## SUPPLIED DATA
>>>>>
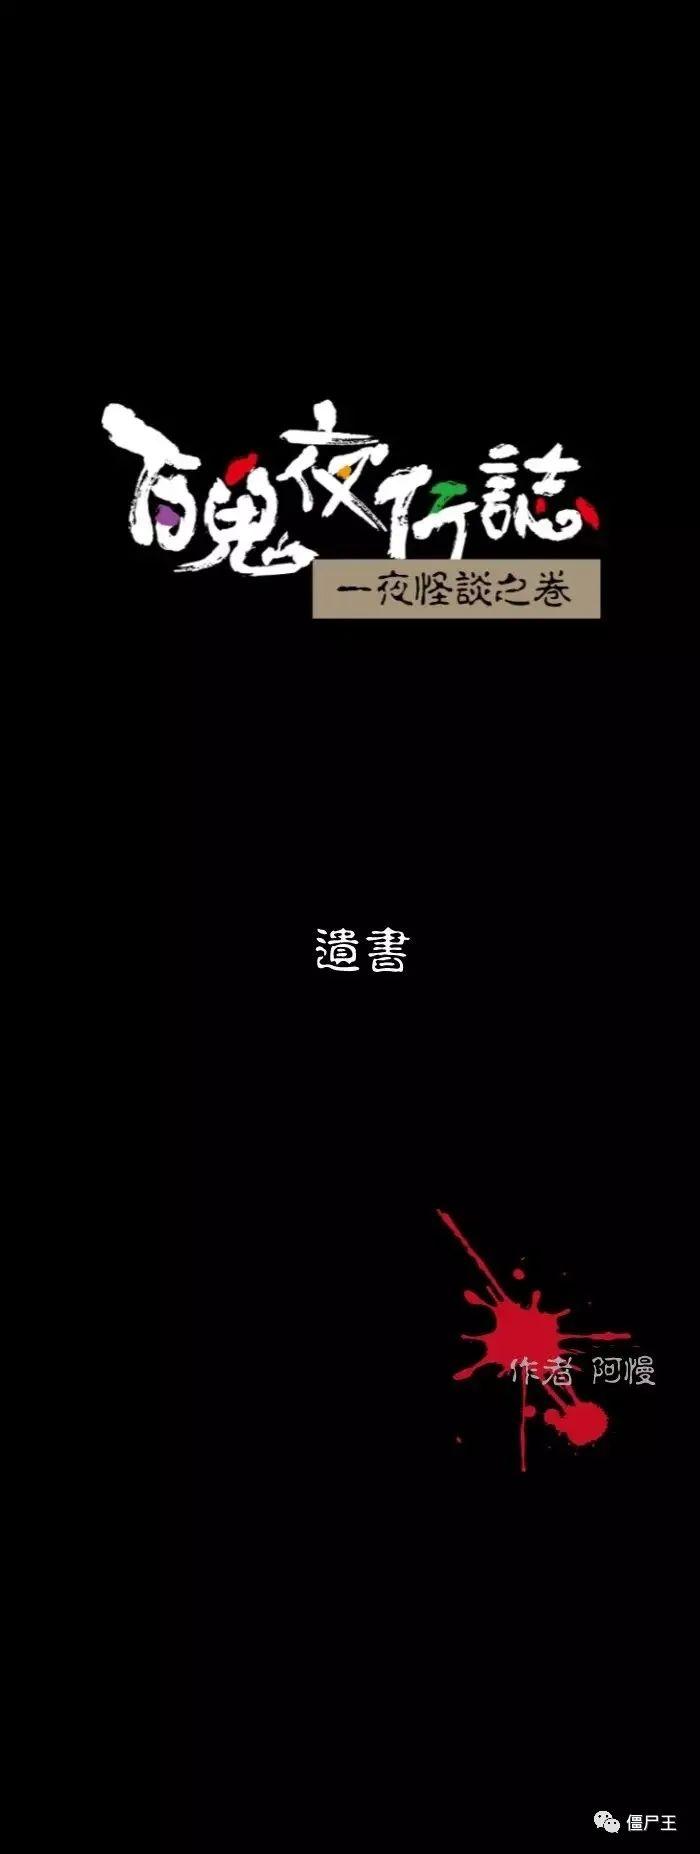 僵尸王漫画:百鬼夜行记之自杀遗书
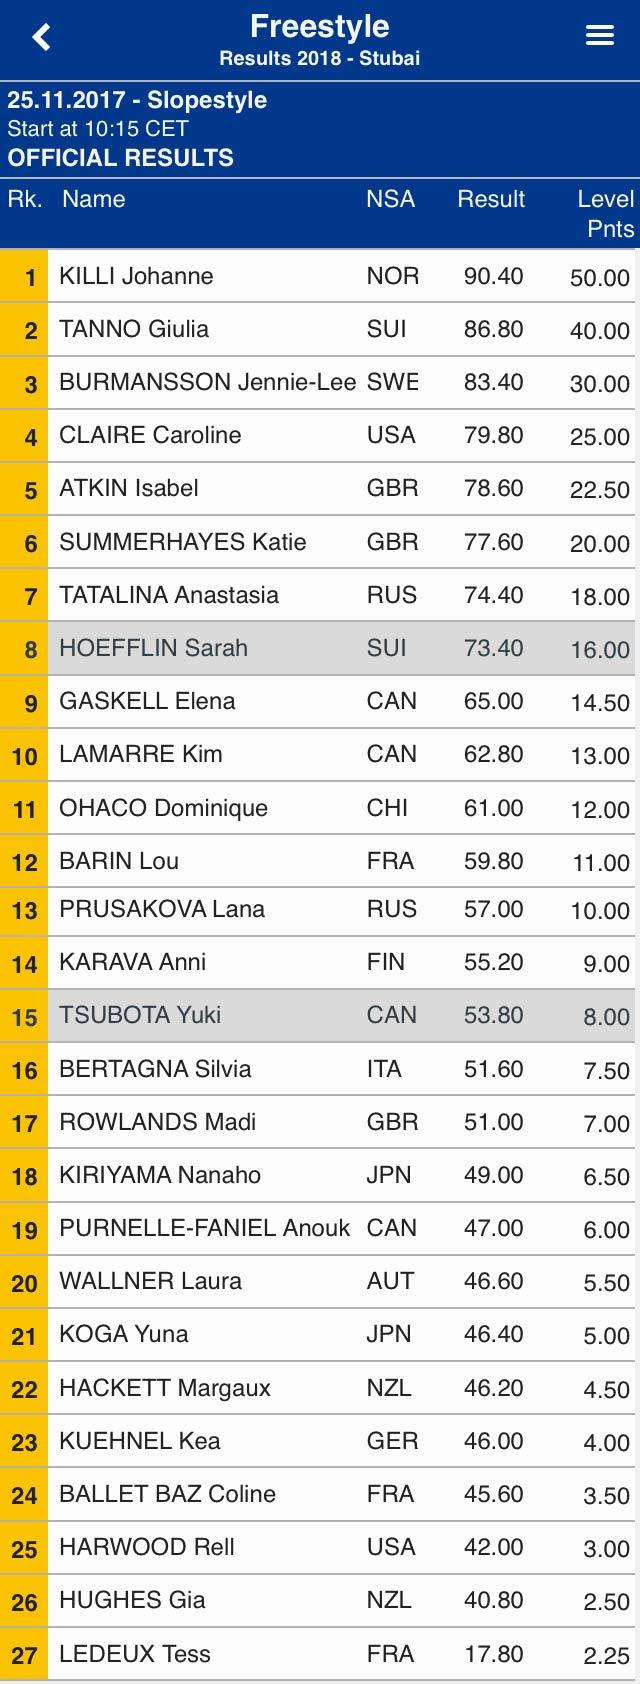 Ergebnisse aus der Slopestyle Qualifikation der Frauen beim Stubai Freeski Worldcup 2017
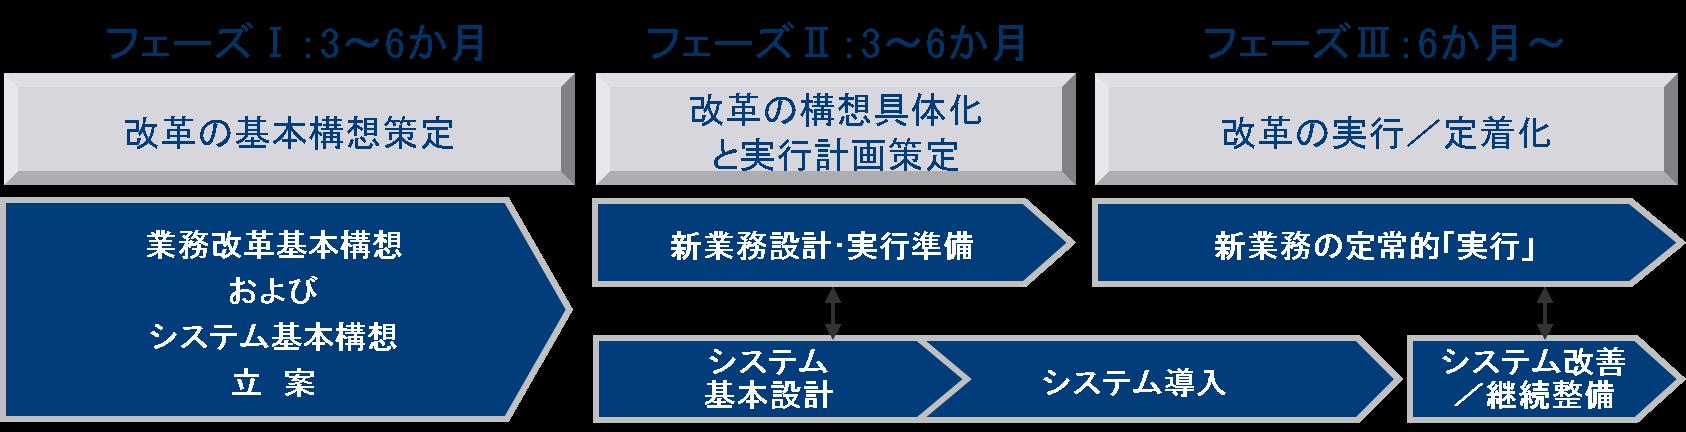 業務・システム改革プロジェクトの進め方 第2回:フェーズⅠ【改革の ...
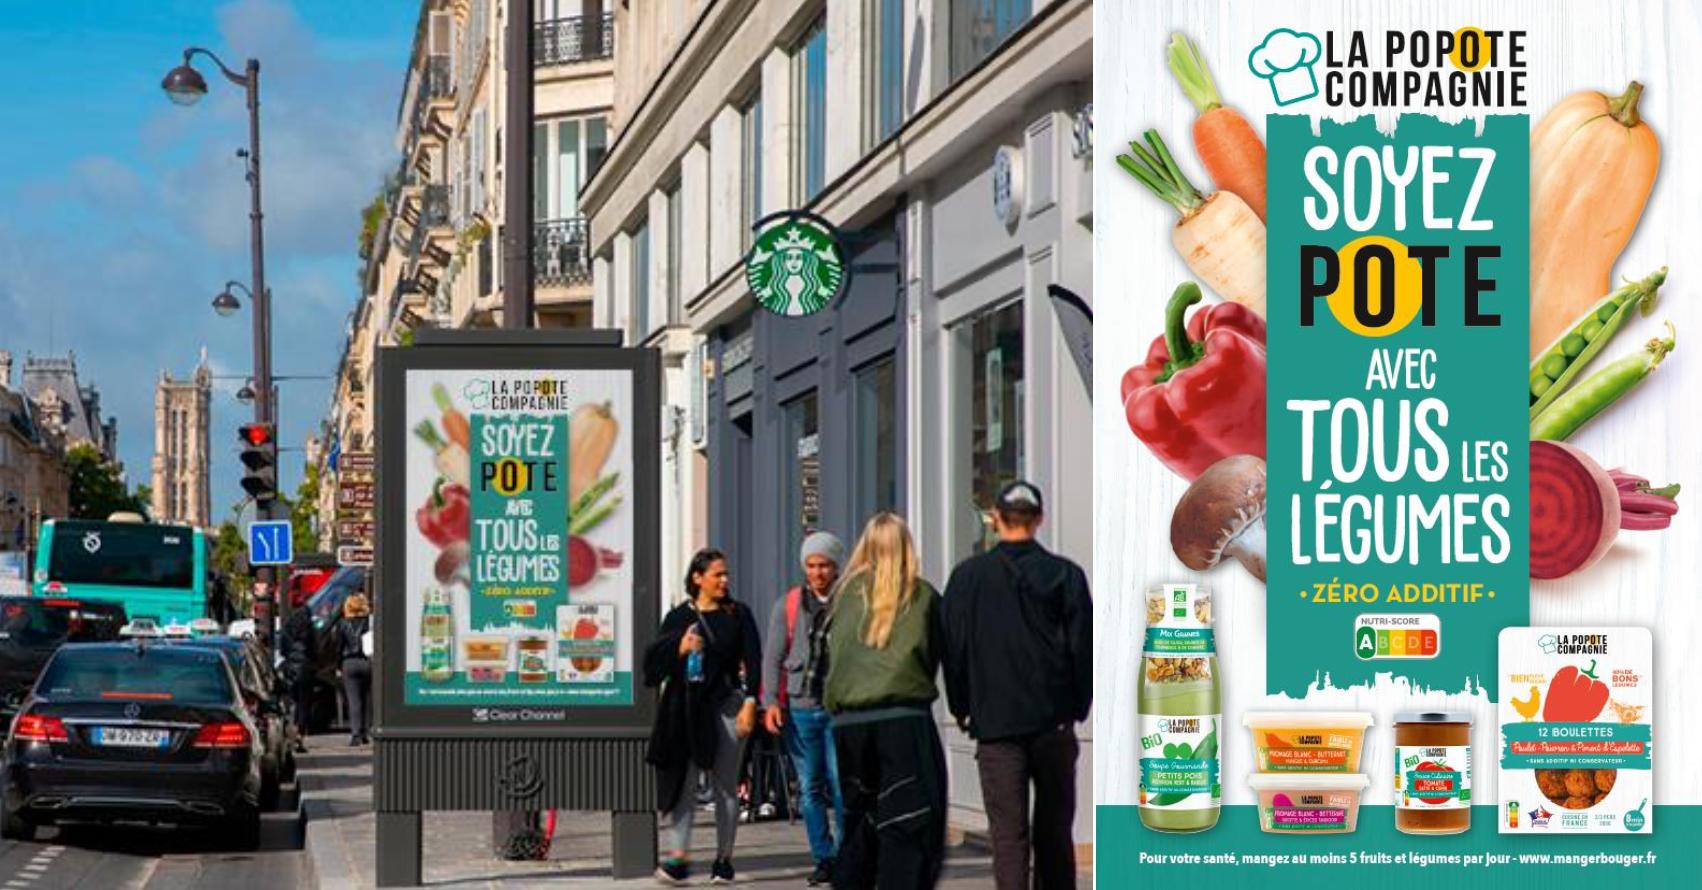 Capture d'écran 2020 01 08 à 18.12.25 - La Popote Compagnie s'affiche dans les rues de Paris
<<<<<
## DIRECTIONS
Print the material word for word without images.

## TASK ANSWER
 僵尸王漫画:百鬼夜行记之自杀遗书
 Ergebnisse aus der Slopestyle Qualifikation der Frauen beim Stubai Freeski Worldcup 2017
 業務・システム改革プロジェクトの進め方 第2回:フェーズⅠ【改革の ...
 Capture d'écran 2020 01 08 à 18.12.25 - La Popote Compagnie s'affiche dans les rues de Paris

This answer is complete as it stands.